Wang, Z., Deng, Y., Wang, Z., Kurths, J., Wu, J. (2025): Efficient Link-Based Spatial Network Disintegration Strategy. - IEEE Transactions on Network Science and Engineering, 12, 2, 1096-1111.
https://doi.org/10.1109/TNSE.2024.3523952


Cite as: https://publications.pik-potsdam.de/pubman/item/item_32078
Abstract
Many real complex systems, such as infrastructure and the Internet, are not random but embedded in a metric space. The problem of spatial network disintegration, or critical area identification, is a fundamental research domain in network science and has received increasing attention. Typical applications include network immunization, epidemic control, and early warning signals of disintegration. Due to the computationally challenging (NP-hard) problem, they usually cannot be solved with polynomial algorithms. Here, we propose an efficient disintegration method in spatial networks through a link-based strategy.
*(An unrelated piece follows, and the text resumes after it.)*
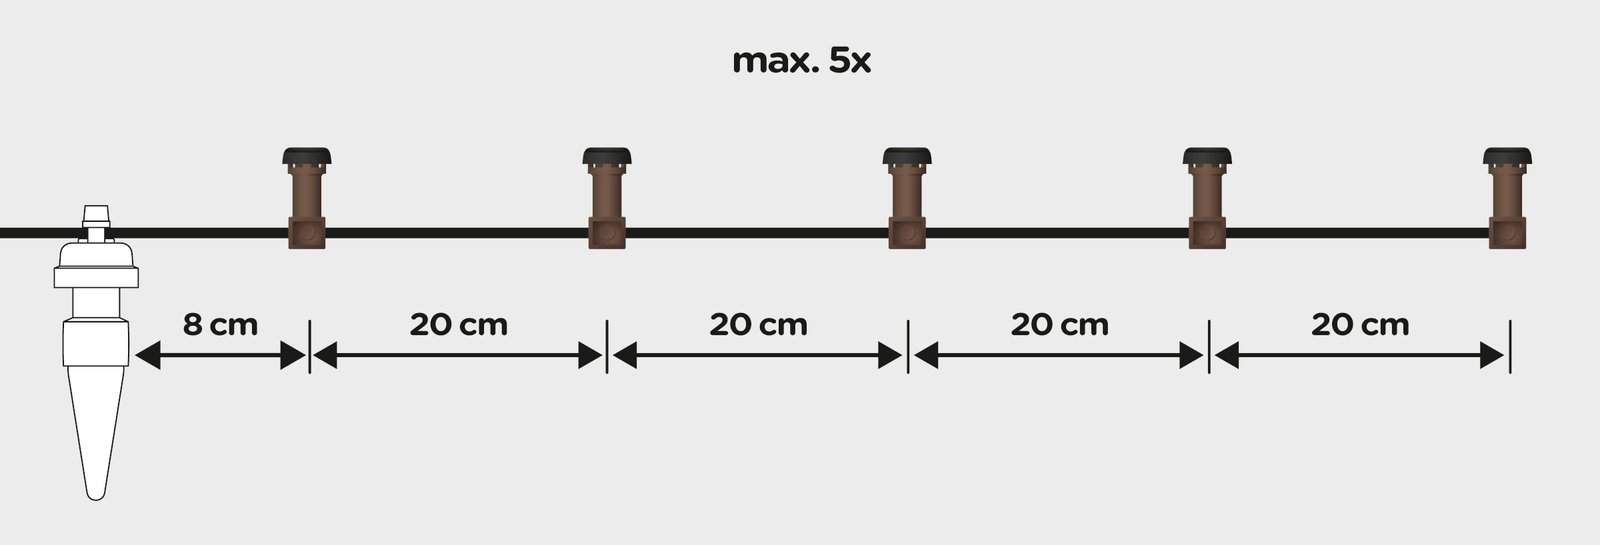 Blumat dripper installation diagram

First, we introduce a regional failure model with multiple disintegration circles for the spatial network. We then calculate the sum of the specific attribute values of the links in the circle to identify the critical regions of the spatial network, which also correspond to the geographic regions where disintegration occurs. Extensive experiments on real-world networks of different types demonstrate that the strategy outperforms conventional methods in terms of solution quality.